Know what to do when big fish blow up on the surface.
Ben Knaggs
Baitballs, bust-ups, boil-ups -- call them what you will. Nothing gets an angler's blood pumping like the sight of a big school of fish actively feeding on the surface. Game fish ranging from tarpon or striped bass inshore right on up to monster tuna and billfish offshore will all bust bait on the surface. To the uninitiated, catching these surface-feeding fish seems like a foregone conclusion, but in reality getting bit can be a tougher task than it appears.
The classic scene depicts a pod of big tuna tearing into balled-up baitfish. In these situations you can get right up close and throw just about anything into the mix to hook up. But that's not always the case.
This school of small bluefin are feeding heavily but they are on the move so it will likely be very flighty. In this circumstance it's important to ascertain which direction the fish are heading and try to position the boat in front of them.

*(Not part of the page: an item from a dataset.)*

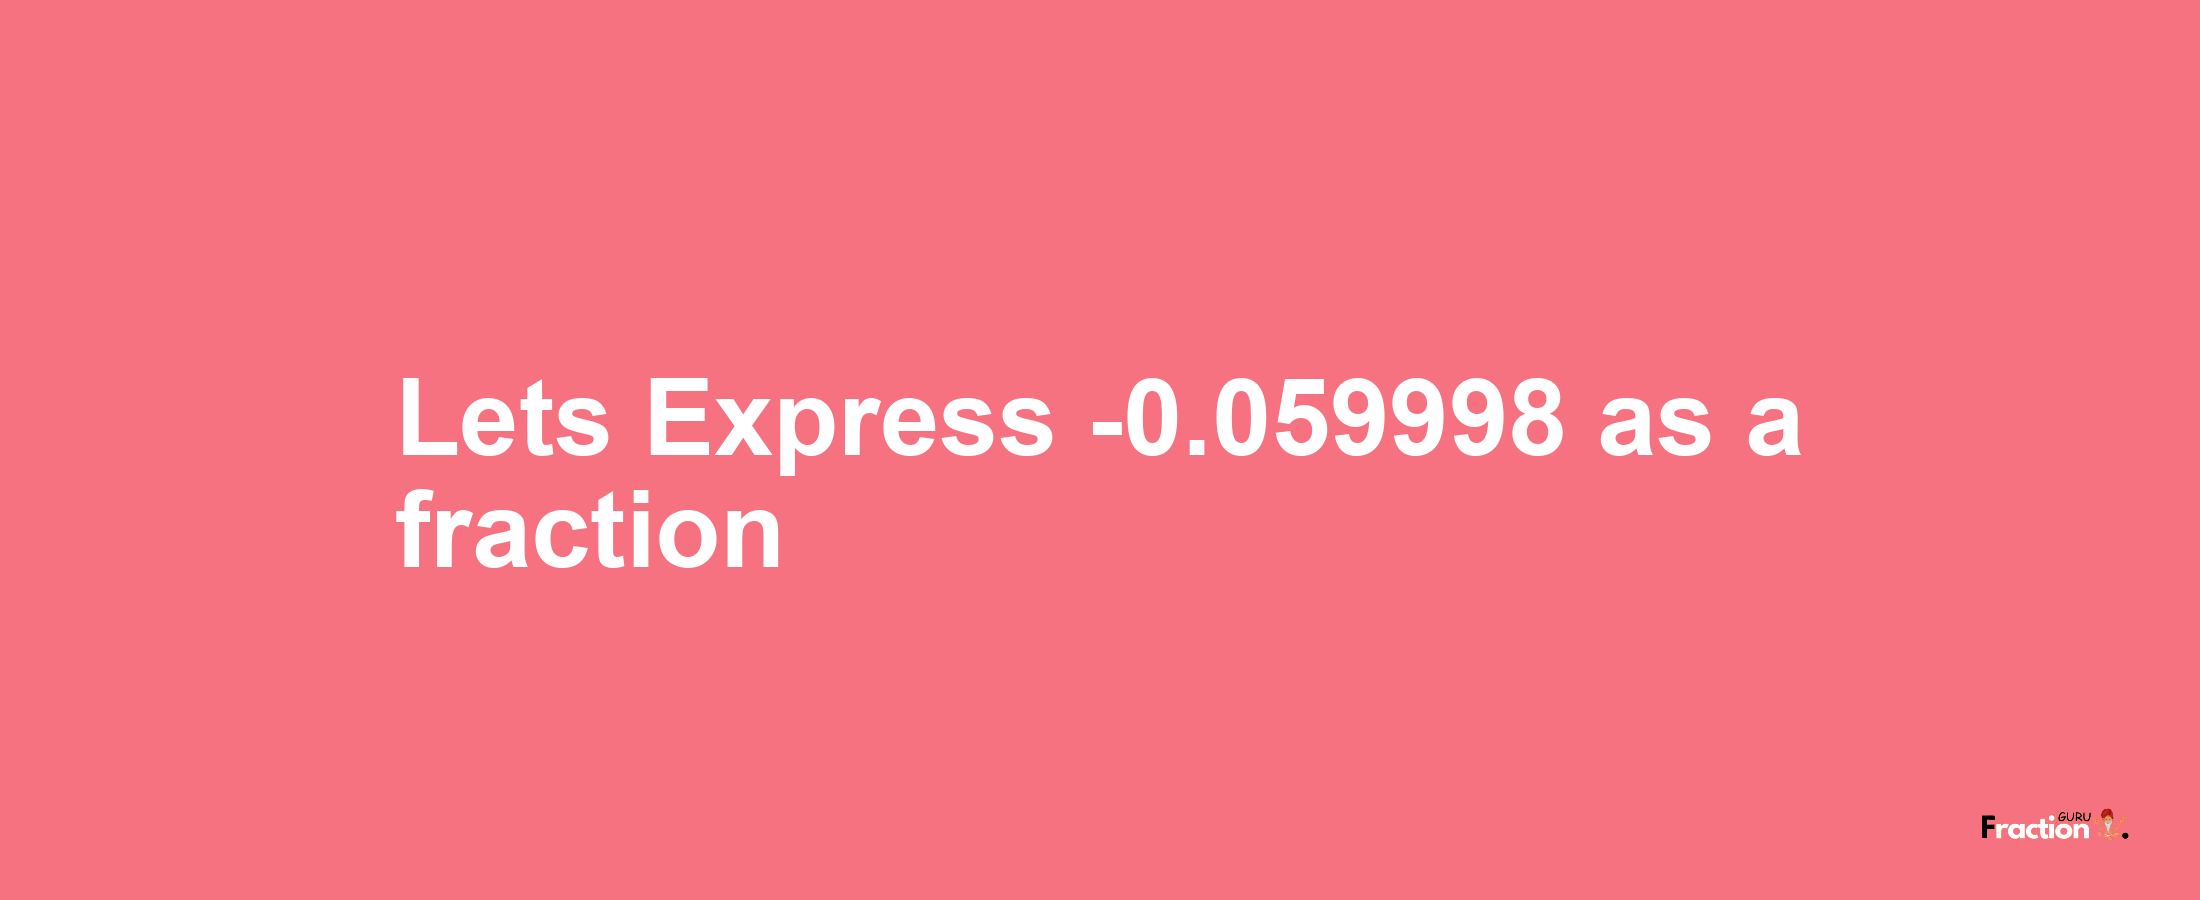 Lets Express -0.059998 as afraction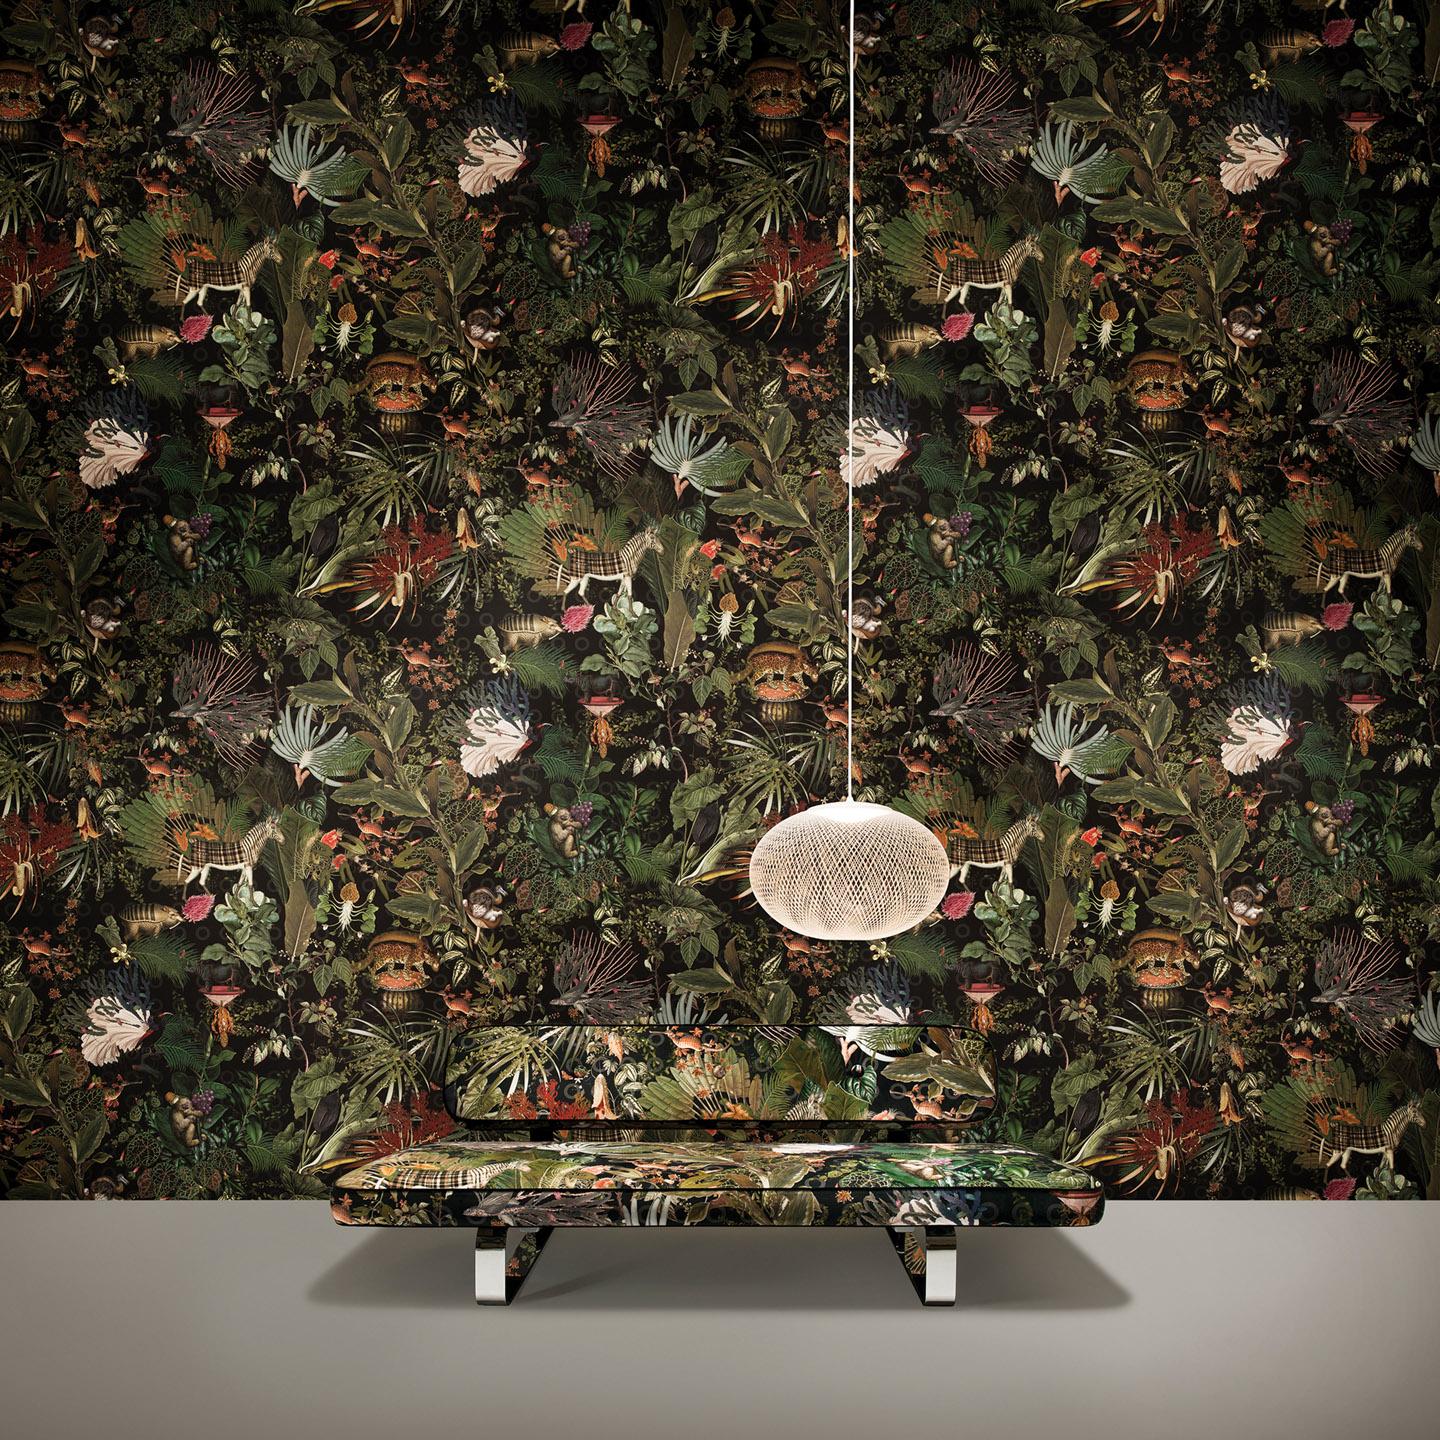 Arte Moooi's wallpapers take inspiration from images of flora and fauna

That way they'll come to you and you can avoid spooking them.
It's pretty difficult to avoid the temptation to pitch a stickbait or popper into the crazy melee that is a surface bust-up. Seeing a bunch of hyped up pelagics fight over the skipping lure at full speed is unforgettable stuff!
This is what is often referred to as a "breezer," in Australia. The fish -- in this case tuna -- aren't really feeding, but the amount of fish moving along just below the surface gives their presence away. These fish are likely to be very picky and spooky, so subtle, slow fished lures and a stealthy approach will be needed to get bit.
The hardest thing about this type of fishing is getting within casting range of the feeding fish without spooking them. Approach from downwind, cut the motor just before the school is within casting range and try to anticipate the direction the school is travelling without causing the fish to sound.
Iron jigs are the number-one choice for casting to surface bust-ups. They cast a mile and pelagic fish just love running them down on a fast retrieve. Be sure to match the size of lure to the size of the bait the fish are feeding on.
Birds are your best friend when looking for surface action. The presence of a gang of gannets sitting on the surface out along the continental shelf probably means a bust-up recently took place. Definitely worth sticking around to see if the fish come back up again.
There's no reason to get right in the middle of feeding fish. The spot to be is just within casting distance. If the fish keep sounding before you can get this close, the next step is to position the boat well up-current or upwind, cut the motor and drift toward the school. Sometimes this super stealthy approach is the only way to get near enough the action to present a bait or lure.
When the busting fish are tough to trick or locked on to very small baitfish, small soft plastic baits are the go-to lure. This little yellowtail was one of a large school feeding on tiny, near translucent baitfish. Small, natural coloured soft plastic stickbaits rigged on darter jigheads were the only lures they'd look at twice. Sometimes you have to go small to match the hatch.